In a survey published today, 12,500 firms (comprising the whole range from small SMEs with more than 5 employees to larger corporates) across the EU 28 have been interviewed to assess what they consider are their prime investment needs and the obstacles to investment they face. The first EIB Group Survey on Investment and Investment Finance (EIBIS) is a unique survey covering the EU corporate sector and its attitude towards investment and investment finance activities. Today’s report will be repeated every year by EIB Group economists.

Representing every EU member state and fully comparable among countries, this is an invaluable European instrument to monitor business investment at the EU level.

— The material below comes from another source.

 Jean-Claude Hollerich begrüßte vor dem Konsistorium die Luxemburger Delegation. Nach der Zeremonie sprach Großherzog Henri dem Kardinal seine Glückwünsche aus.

Survey results, as well as a EU wide cross-country analysis and country based publications are available at

Andrew McDowell, EIB Vice President, said “We know how important the corporate sector is for Europe’s economic recovery – not least in providing jobs to its citizens. With that in mind, the EIB Group Survey on Investment and Investment Finance is a unique diagnostic tool. Its gives us some cause for optimism with regard to Europe’s economic recovery. We are seeing a determination in Europe’s corporate sector to invest and to invest more. That suggests slowly but surely signs of a recovery and awareness of what needs to be done to stay competitive among firms themselves, such as through investment in innovation and more up-to-date equipment. But we must also listen carefully to the concerns of European firms which include uncertainty and the business and regulatory environment. The Investment Plan for Europe rightly places a great deal of emphasis on creating the right conditions for investment. This survey underlines the need for member States as well as the EU institutions to act on this urgently.”

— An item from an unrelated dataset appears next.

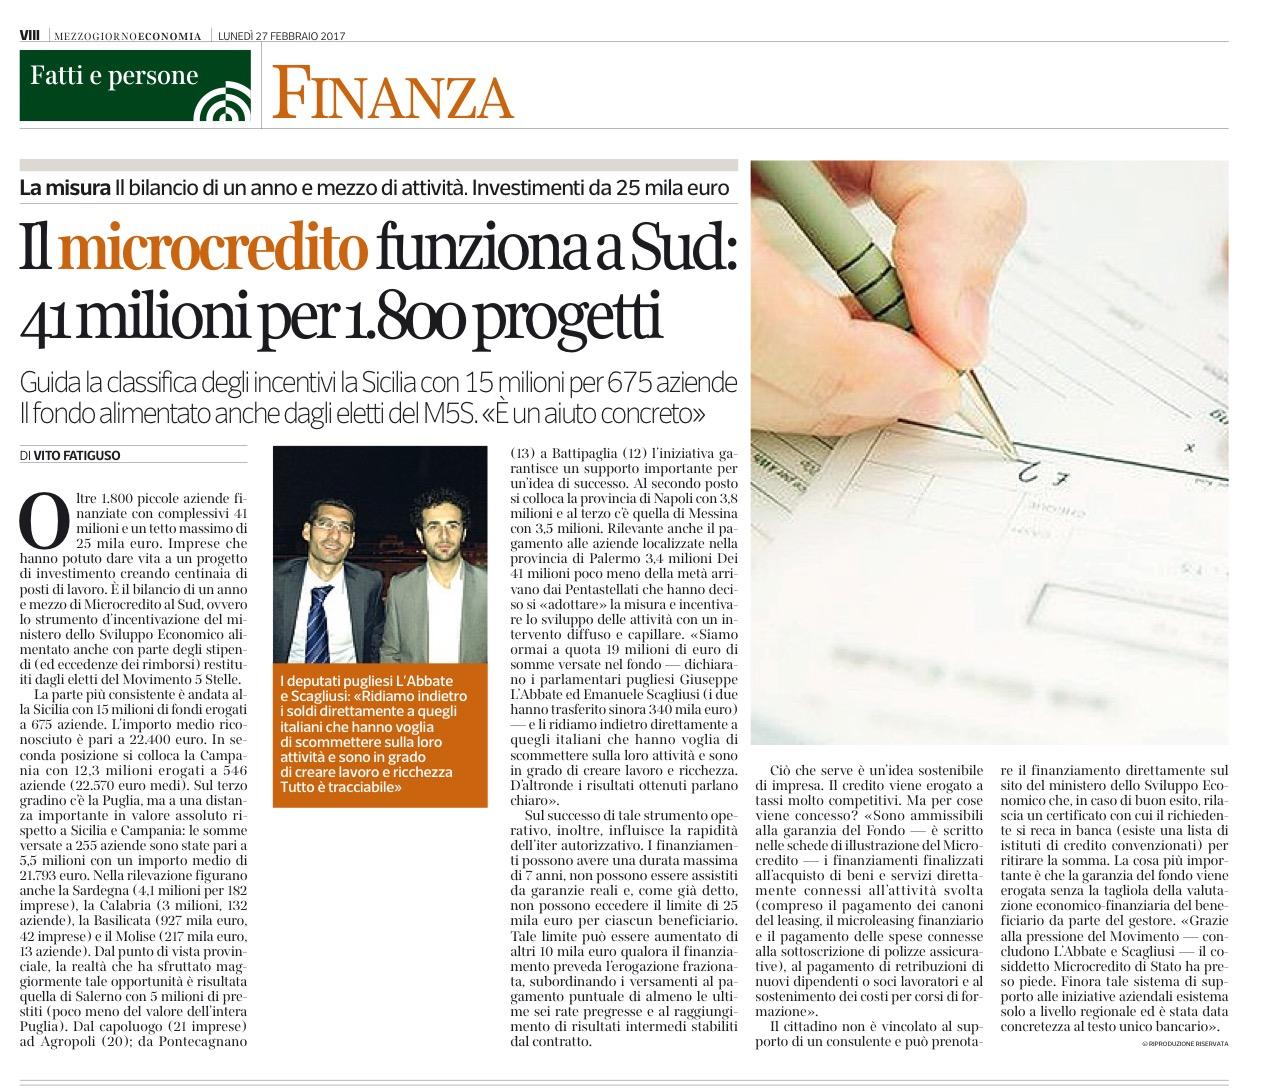 Il Corriere del Mezzogiorno Economia - 27.02.2017

He added, “We can take heart that our support is paying off, although we still have a long way to go – the Investment Plan is helping to improve the investment climate while corporates have been taking full advantage of the investments available under the first phase of the European Fund for Strategic Investments, with EUR 34bn approved so far that will mobilise a total of 184bn in new investment, evidence of the acute market demand for instruments that support innovation and competitiveness. Lending under EFSI is an important part of overall EIB Group lending which reached EUR 84bn in 2016, mobilising EUR 280bn in total investment.”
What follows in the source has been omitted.